■ What is being asked ■
Take the line containing "S279_MetalMyth_ryuou_inask_026.jpg" and every line after it to the end of the material below; reproduce them exactly, without pictures.

■ Data shown ■
···
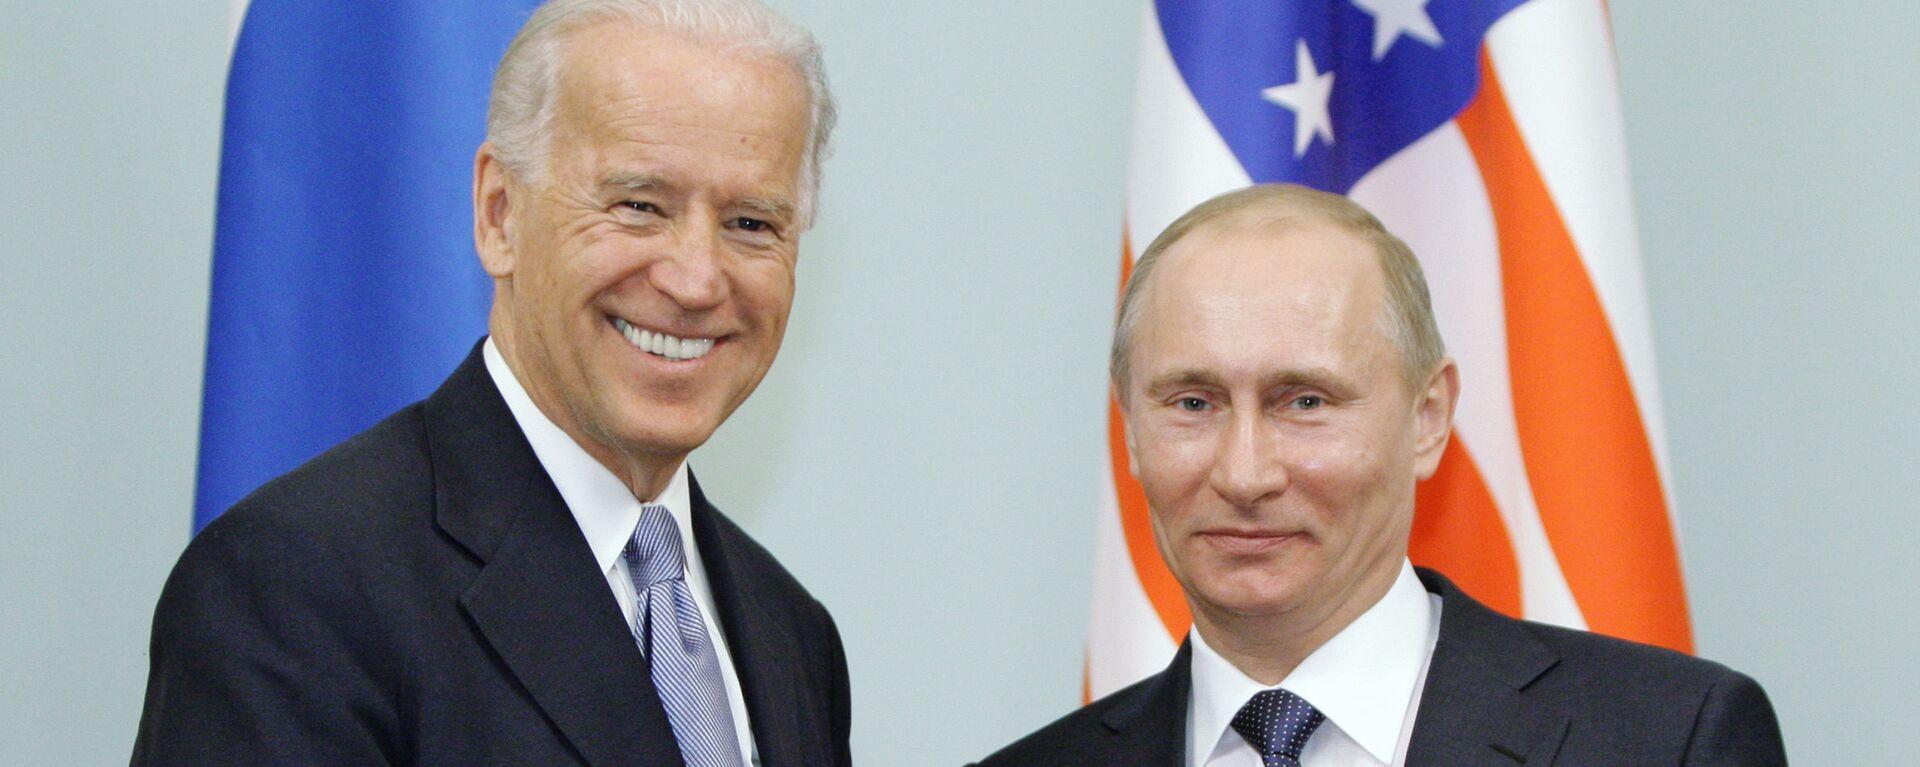 Joe Biden y Vladímir Putin en Rusia (archivo, año 2011) - Sputnik Mundo, 1920, 10.11.2020
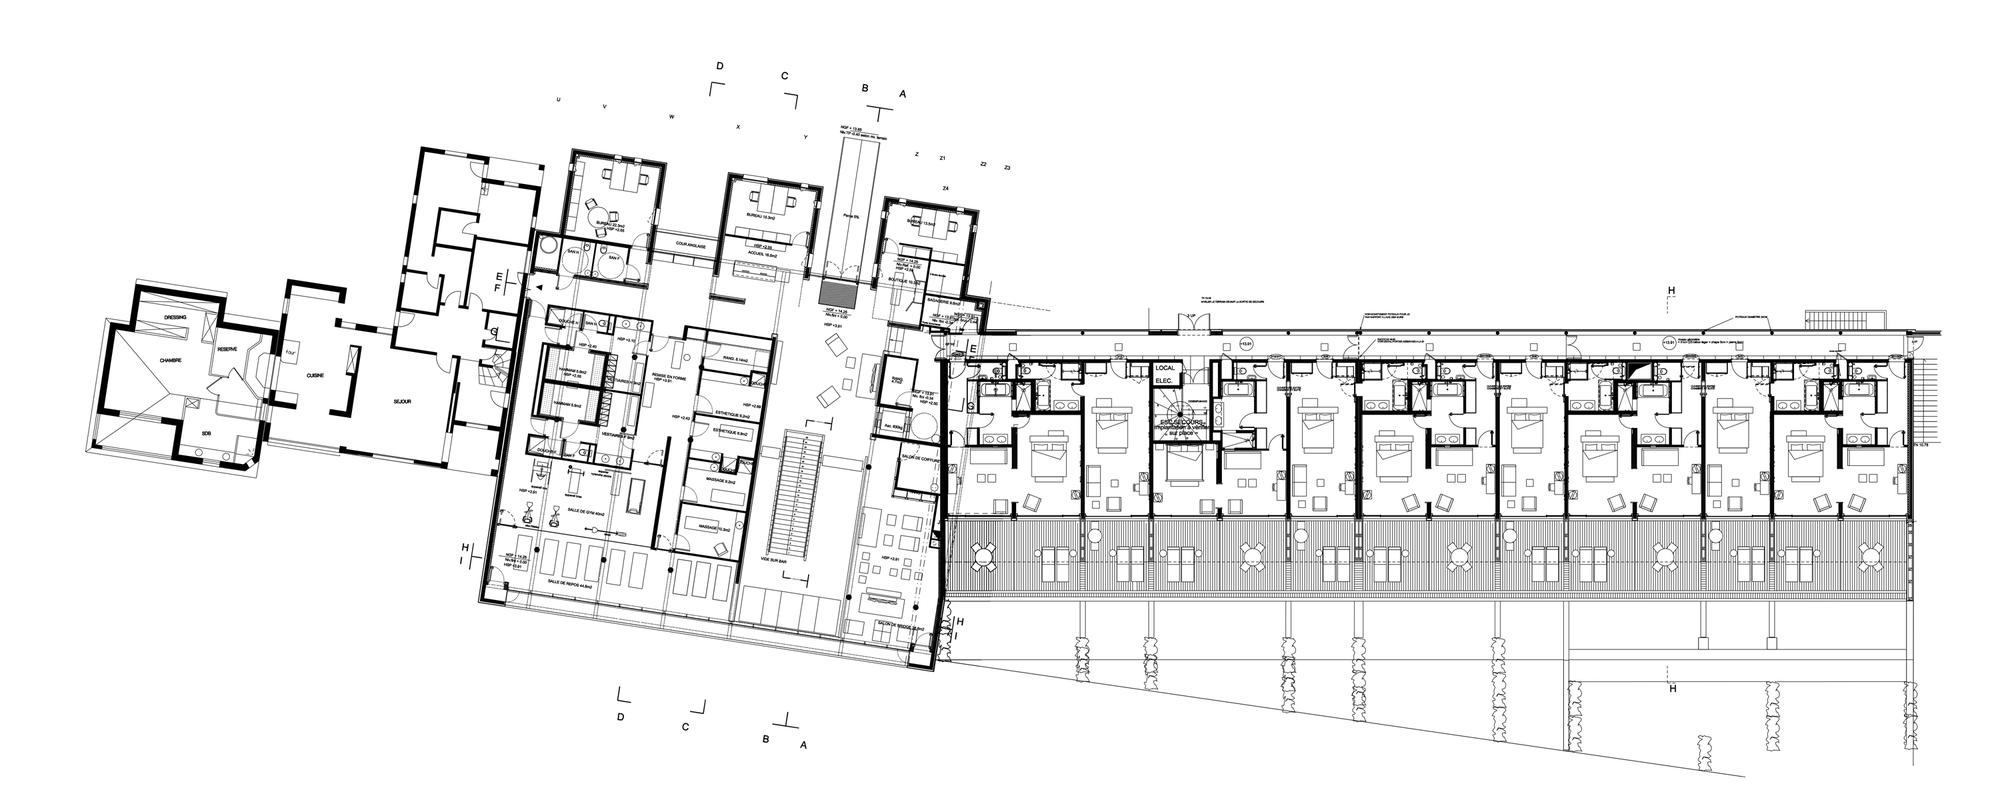 casadelmar-hotel-jean-fran-ois-bodin_plan_100e_-pur-s01
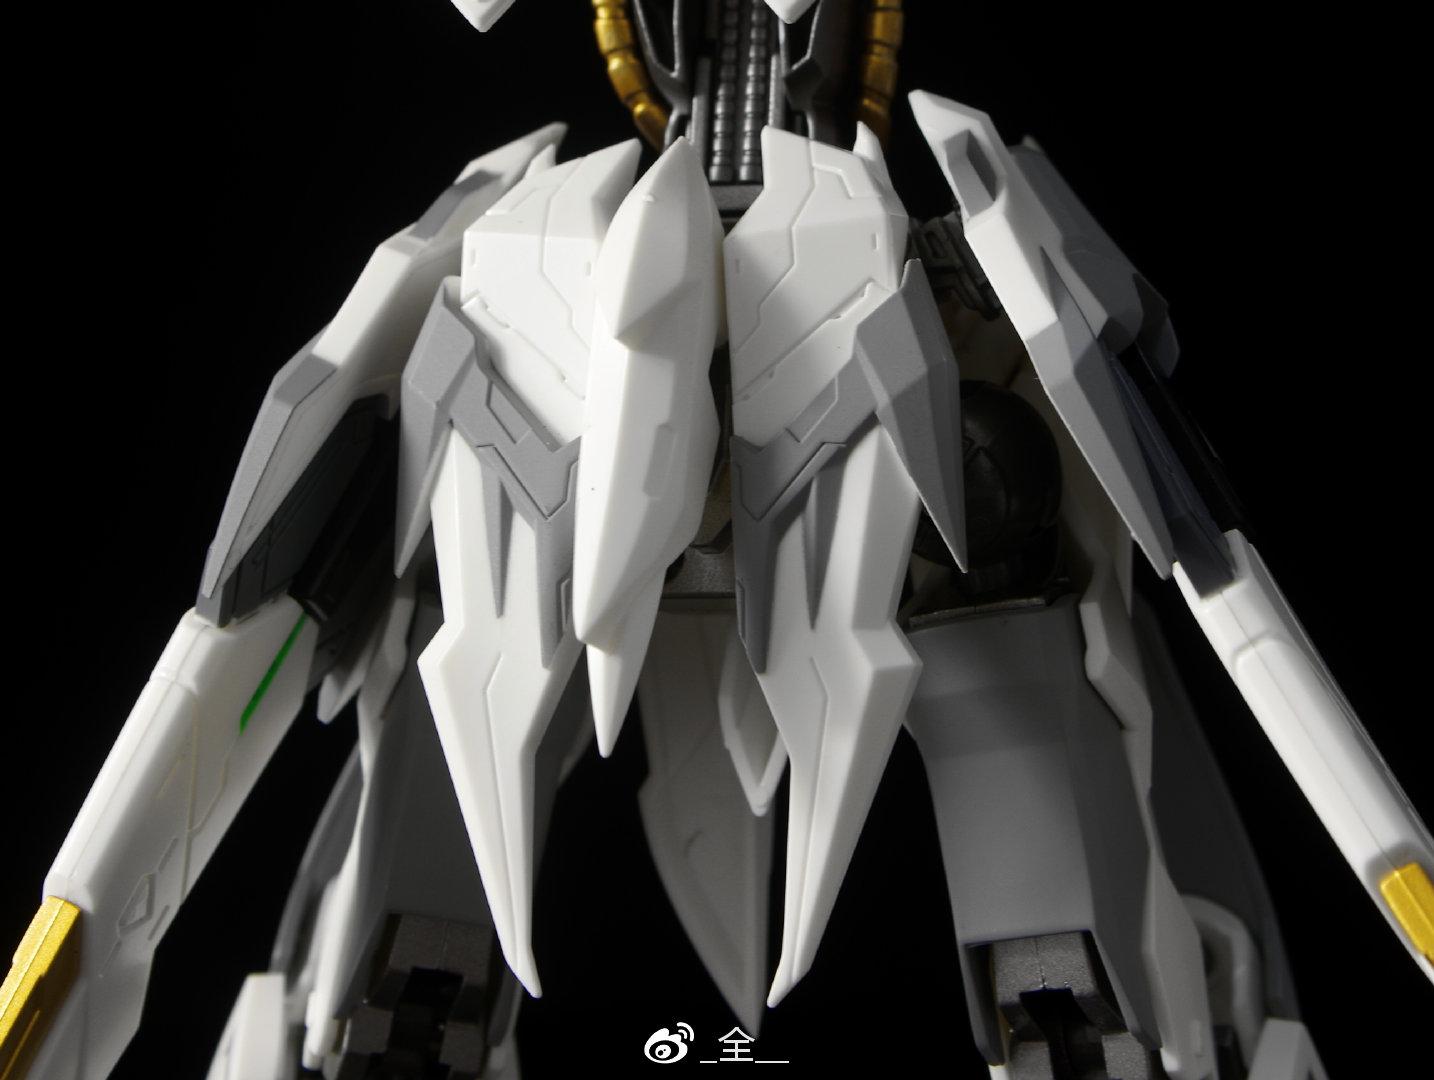 S279_MetalMyth_ryuou_inask_026.jpg
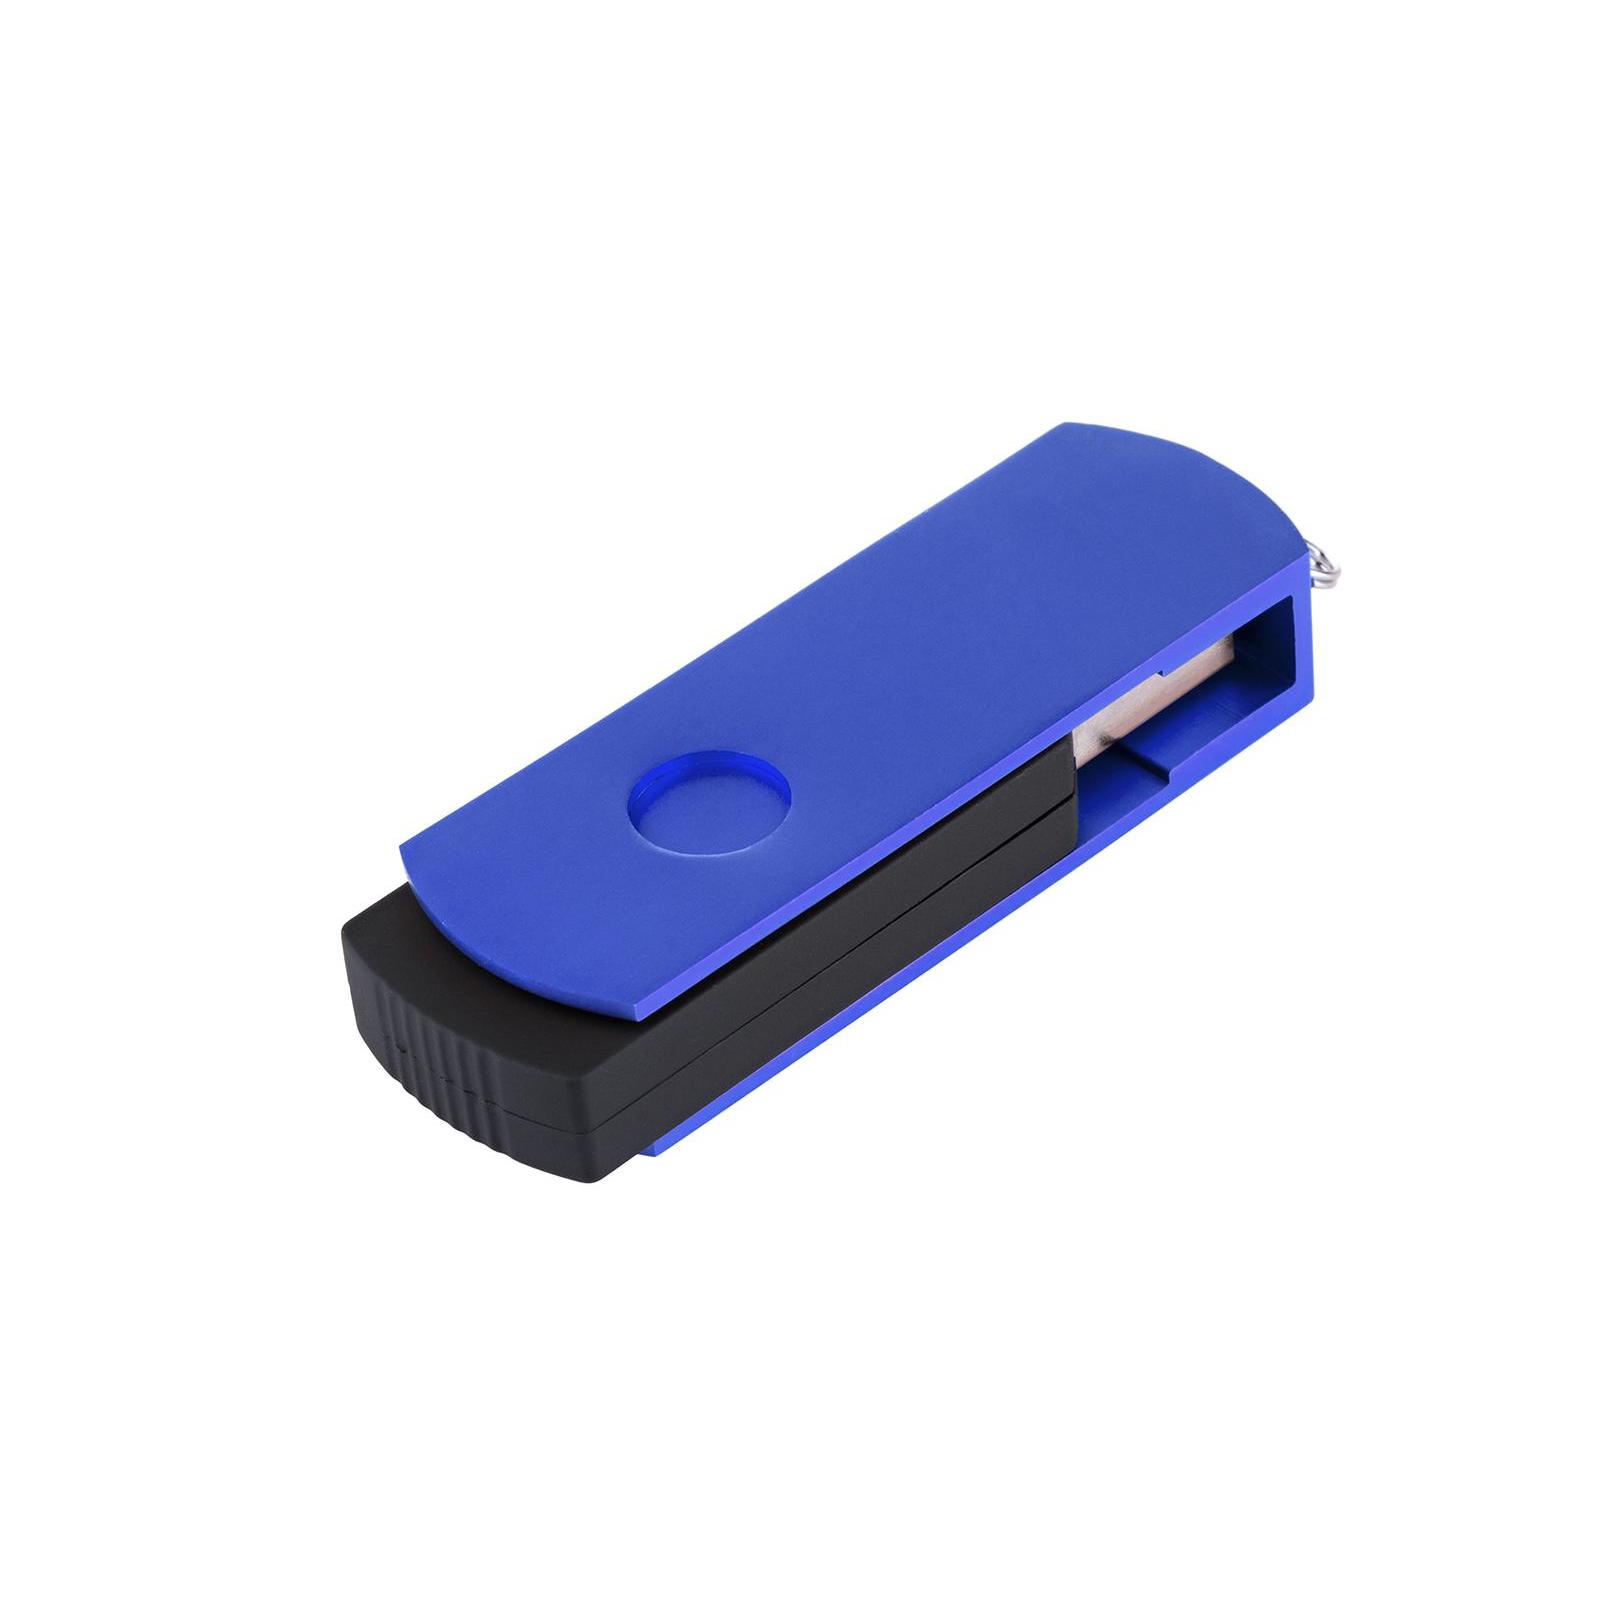 USB флеш накопитель eXceleram 16GB P2 Series Blue/Black USB 3.1 Gen 1 (EXP2U3BLB16) изображение 6
···
■ Task output ■
 S279_MetalMyth_ryuou_inask_026.jpg
 USB флеш накопитель eXceleram 16GB P2 Series Blue/Black USB 3.1 Gen 1 (EXP2U3BLB16) изображение 6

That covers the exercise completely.